[00:00.000 --> 00:12.260]  So, hi, I will start right away because my talk is quite packed, so I'm focusing on
[00:12.260 --> 00:17.440]  this working for Amazon in the Amazon Coretto team.
[00:17.440 --> 00:21.600]  My slides and the examples are on GitHub, I will show this link one more time at the
[00:21.600 --> 00:24.960]  end of the talk, so you don't have to take a copy.
[00:24.960 --> 00:29.280]  I am principal engineer in the Amazon Coretto team, working in the OpenGDK since more than
[00:29.280 --> 00:39.600]  15 years, been with SAP before, that's for also more than 15 years and have various duties
[00:39.600 --> 00:42.080]  in the OpenGDK and JCP.

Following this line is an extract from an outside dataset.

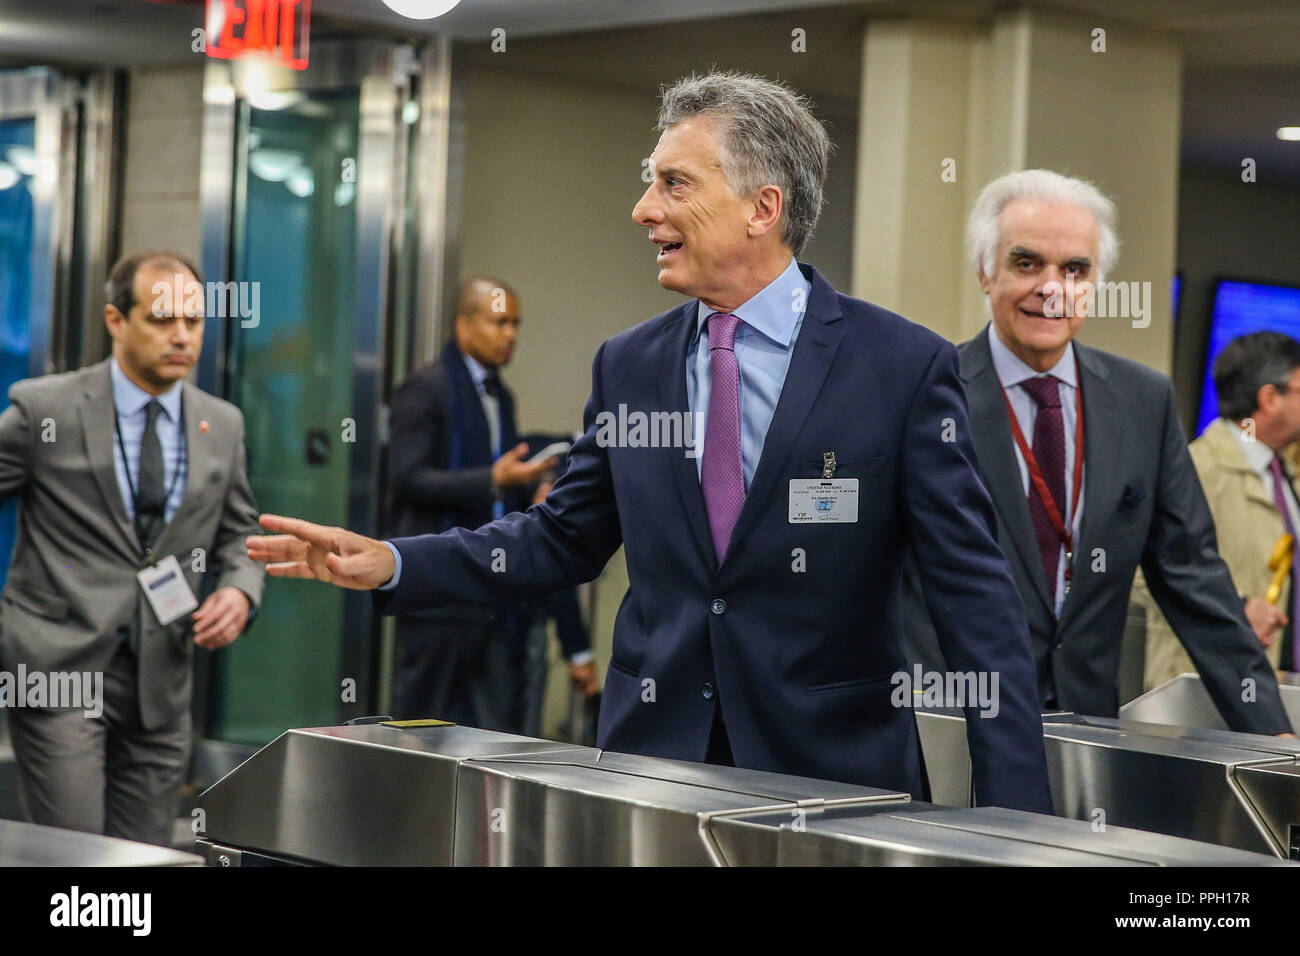 New York, USA. 25th September, 2018. Mauricio Macri, president of Argentina during the 73rd session of the UN General Assembly at the United Nations Headquarters in New York on Tuesday, 25. (Photo: Vanessa Carvalho / Brazil Photo Press) Credit: Brazil Photo Press/Alamy Live News Stock Photo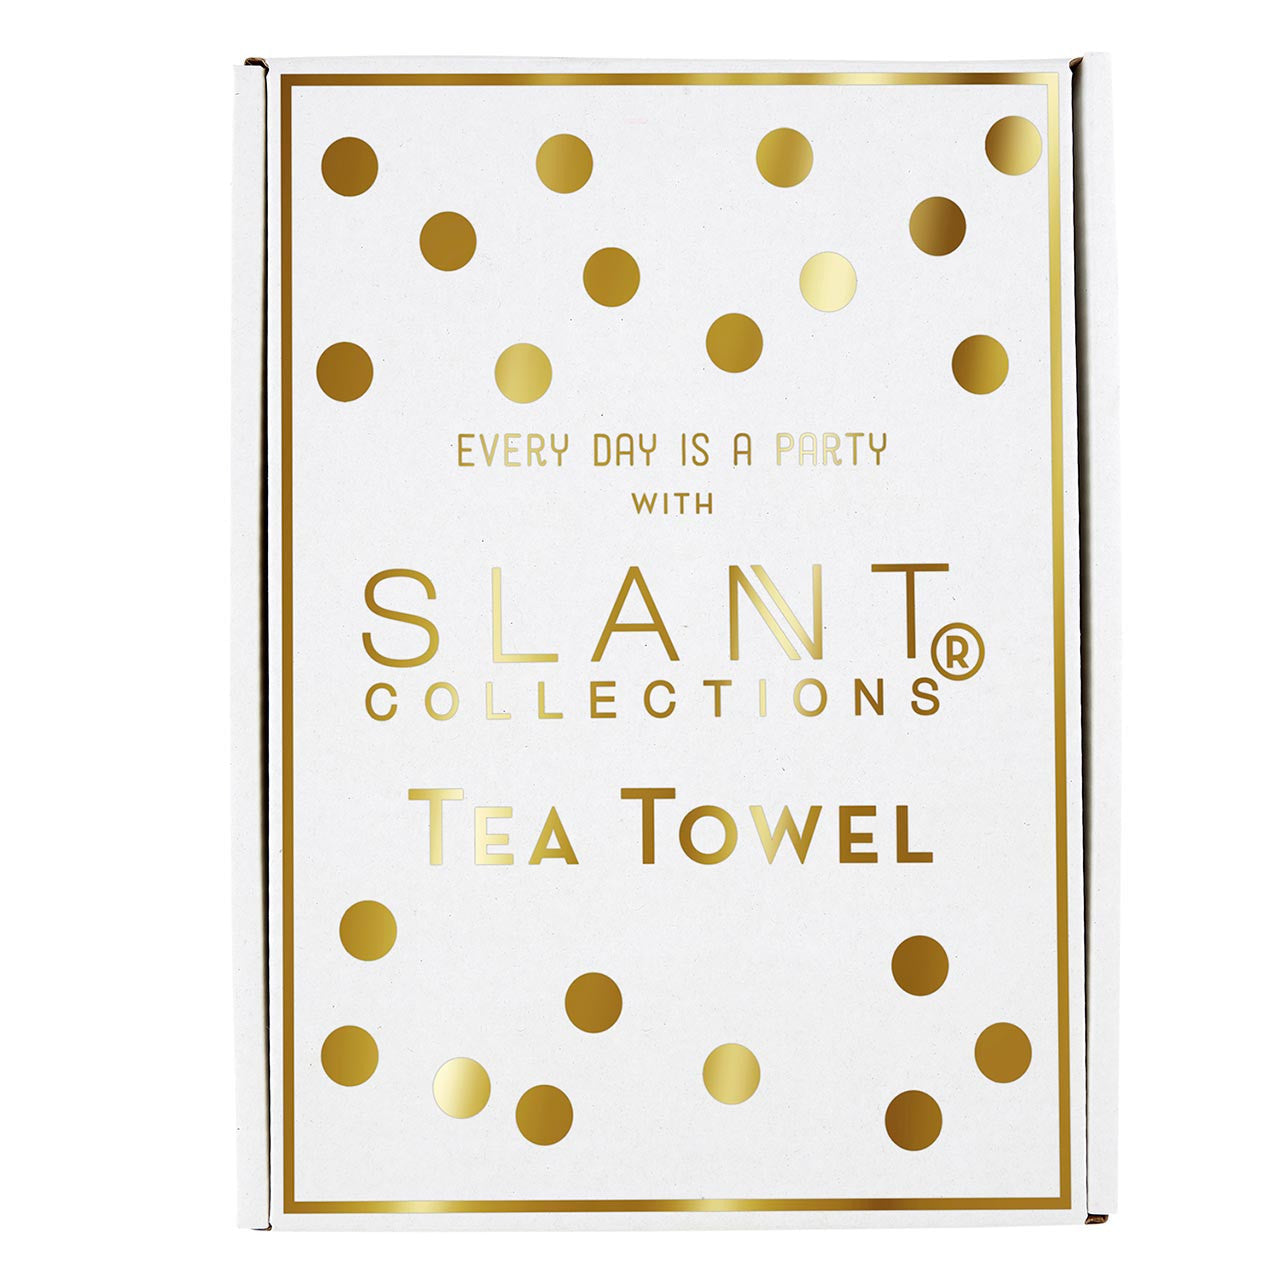 Let's Party Tea Towel in a Gift Box | Cotton Dish Hand Kitchen Towel | 20" x 27.5"

[00:42.080 --> 00:46.080]  So let's get started about firecrackers, so firecracker is a minimalistic virtual machine
[00:46.080 --> 00:52.360]  monitor, it's KVM backed, it only supports a limited set of devices, basically block
[00:52.360 --> 00:57.240]  and network devices which are virtualized to Vortio and a VSOC and a serial device that
[00:57.240 --> 01:03.440]  makes it very fast and also very secure because it doesn't support any exotic devices like
[01:03.440 --> 01:08.720]  for example QMU, it has a rest-based configuration, it's completely written in Rust which also
[01:08.720 --> 01:17.240]  makes it kind of safe, it's based on, it was forked from Google's CrossVM and it's nowadays
[01:17.240 --> 01:22.880]  based on Rust VMM library which is like a based library for virtual machine monitors
[01:22.880 --> 01:26.240]  and I think that's also used by CrossVM meanwhile.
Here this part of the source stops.